Motivation
A JEPA world model for control bundles many decisions: encoder size and architecture, the masking scheme, how actions are injected, the prediction horizon, the anti-collapse mechanism, and the planning solver at test time. When such a model plans well, it is genuinely hard to say why — and when it fails, harder still to say which knob to turn. The folklore that bigger encoders or lower latent-prediction loss imply better control is largely untested. This study sets out to replace that folklore with controlled evidence, asking which design factors causally drive planning return as opposed to merely improving reconstruction or representation metrics that do not transfer to action.
How it works
The backbone is the standard recipe. A context encoder embeds observations into a latent $z_t$; a predictor advances the latent under actions, $\hat z_{t+1}=g_\phi(z_t,a_t)$; training minimises a latent prediction loss against a target encoder with explicit anti-collapse. At deployment, model-predictive control samples candidate action sequences, rolls latents forward through $g_\phi$, and scores each rollout against a goal embedding.

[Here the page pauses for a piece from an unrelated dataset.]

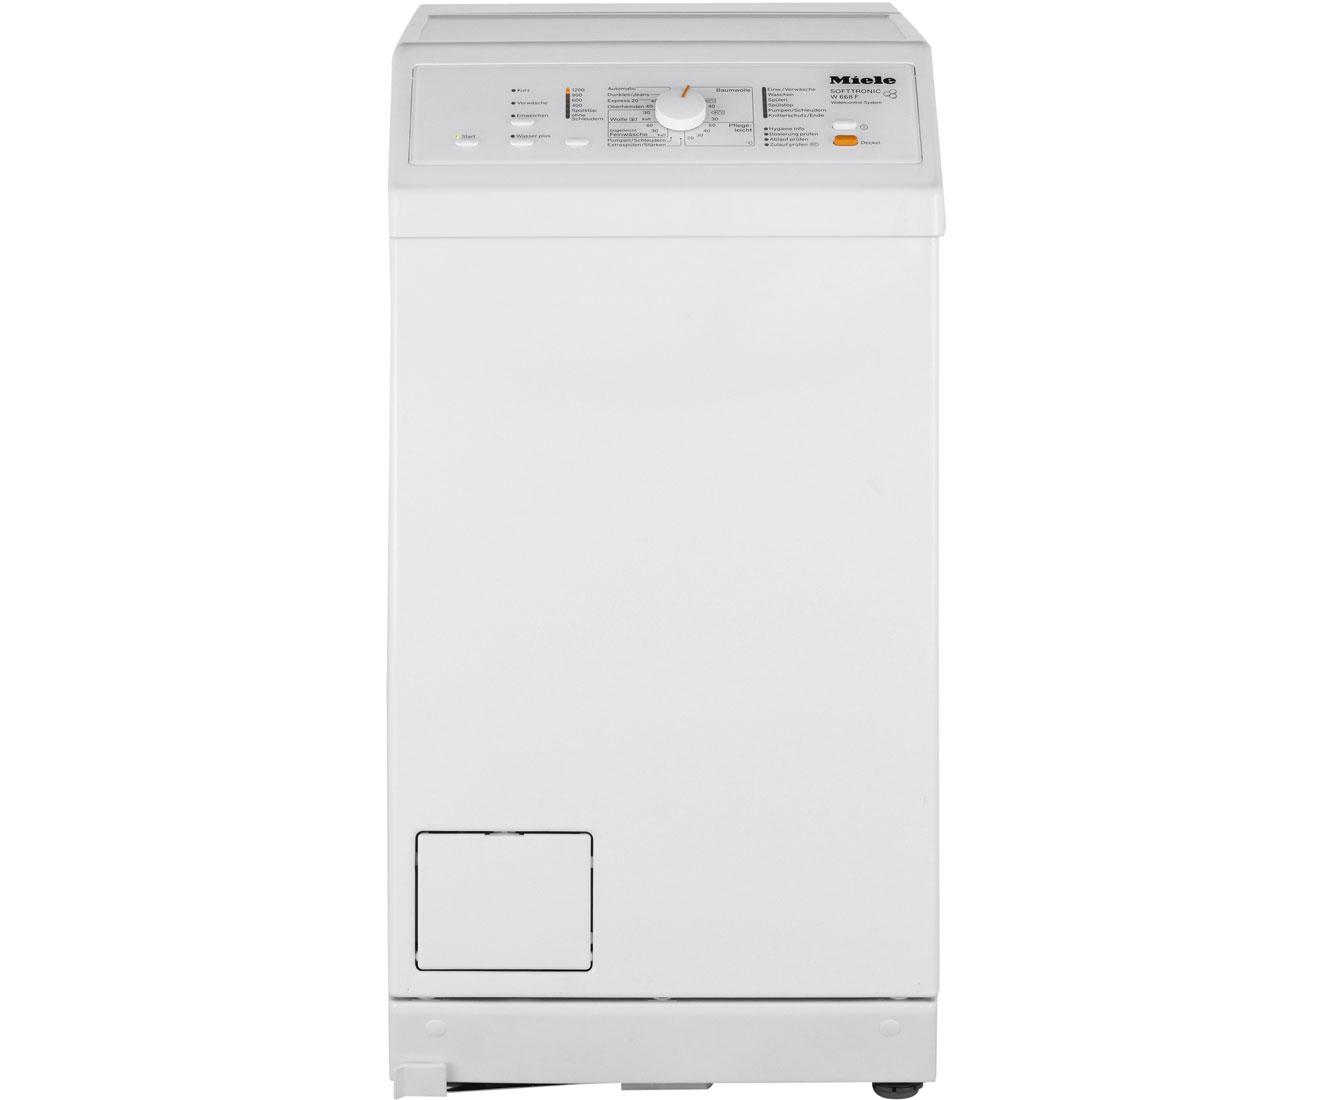 W 668 F WCS Waschmaschinen - Weiss
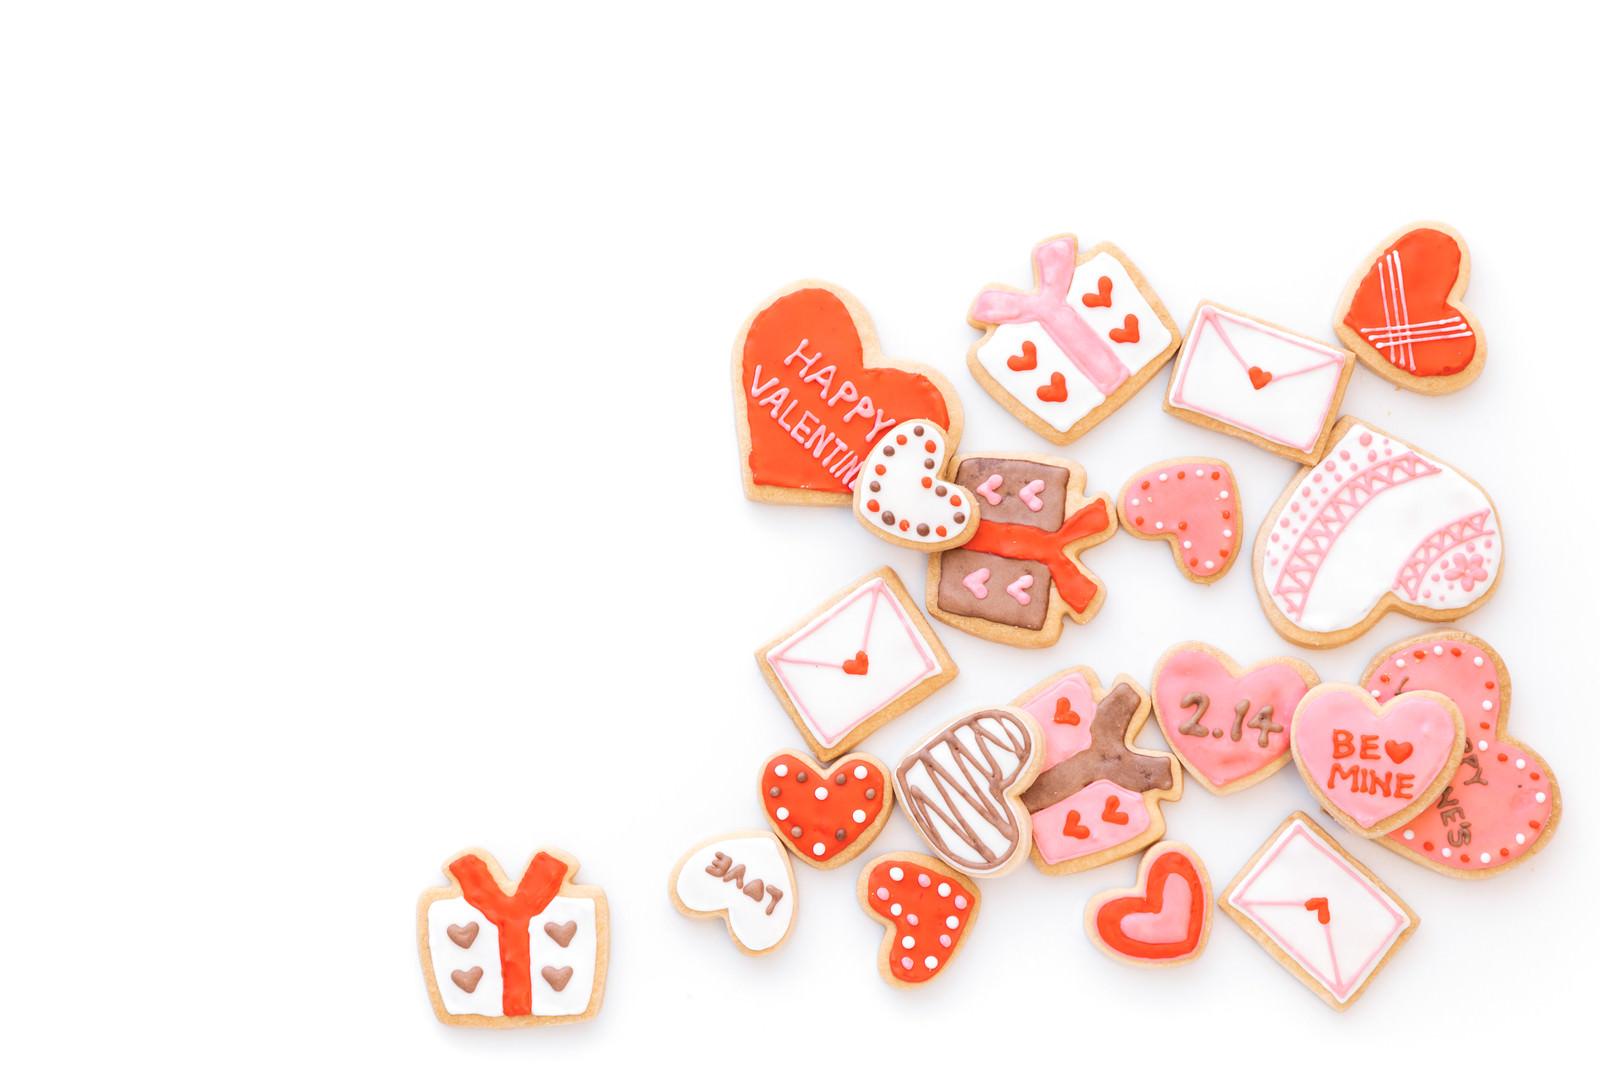 「バレンタインのハート型クッキー(背景用)」の写真

The study then varies one component at a time — encoder, masking, action conditioning, horizon, anti-collapse, planner — while holding the rest fixed, and measures planning performance across three benchmarks: DROID (real robot manipulation), Metaworld (simulated manipulation), and Push-T (contact-rich planar pushing). This separates representation-learning quality from planner competence.
The objective
Each model is trained with the action-conditioned latent-prediction loss
$$\mathcal{L} = \big\lVert\, g_\phi(z_t, a_t) - \operatorname{sg}[\bar f_\theta(o_{t+1})] \,\big\rVert^2 \;+\; \lambda\,\mathcal{R}(Z),$$
where $\bar f_\theta$ is the (possibly EMA) target encoder, $\operatorname{sg}$ is stop-gradient, and $\mathcal{R}$ is the anti-collapse regulariser. At test time the planner solves $\min_{a_{t:t+H}} \lVert \hat z_{t+H} - z^* \rVert$ over horizon $H$. The experimental variable is which piece of this pipeline is changed; the metric is downstream planning success, decoupled from the value of the training loss itself.
Key results & what's novel
The contribution is a controlled account of what drives success in physical planning with JEPA world models. Rather than proposing a new architecture, it maps which representation properties — temporal consistency, faithful action-grounding, smooth and well-conditioned latent transitions — correlate with planning return, and where naive scaling or lower reconstruction loss fails to help. The recurring lesson is that planning competence hinges on accurate, plannable latent transitions under actions, not on visual fidelity or generic representation-quality metrics. The work supplies design guidance and released models, turning JEPA-for-planning from a collection of empirical tricks into something closer to a recipe.
Strengths & limitations
- + Controlled, single-factor ablations across three distinct control benchmarks.
- + Cleanly separates representation quality from planner competence.
- + Yields actionable design guidance and reusable models.
- − Conclusions are bounded by the studied benchmarks and the chosen design axes; some interactions between factors may not generalise.
- − As an empirical study it offers heuristics rather than theory about why a given factor matters.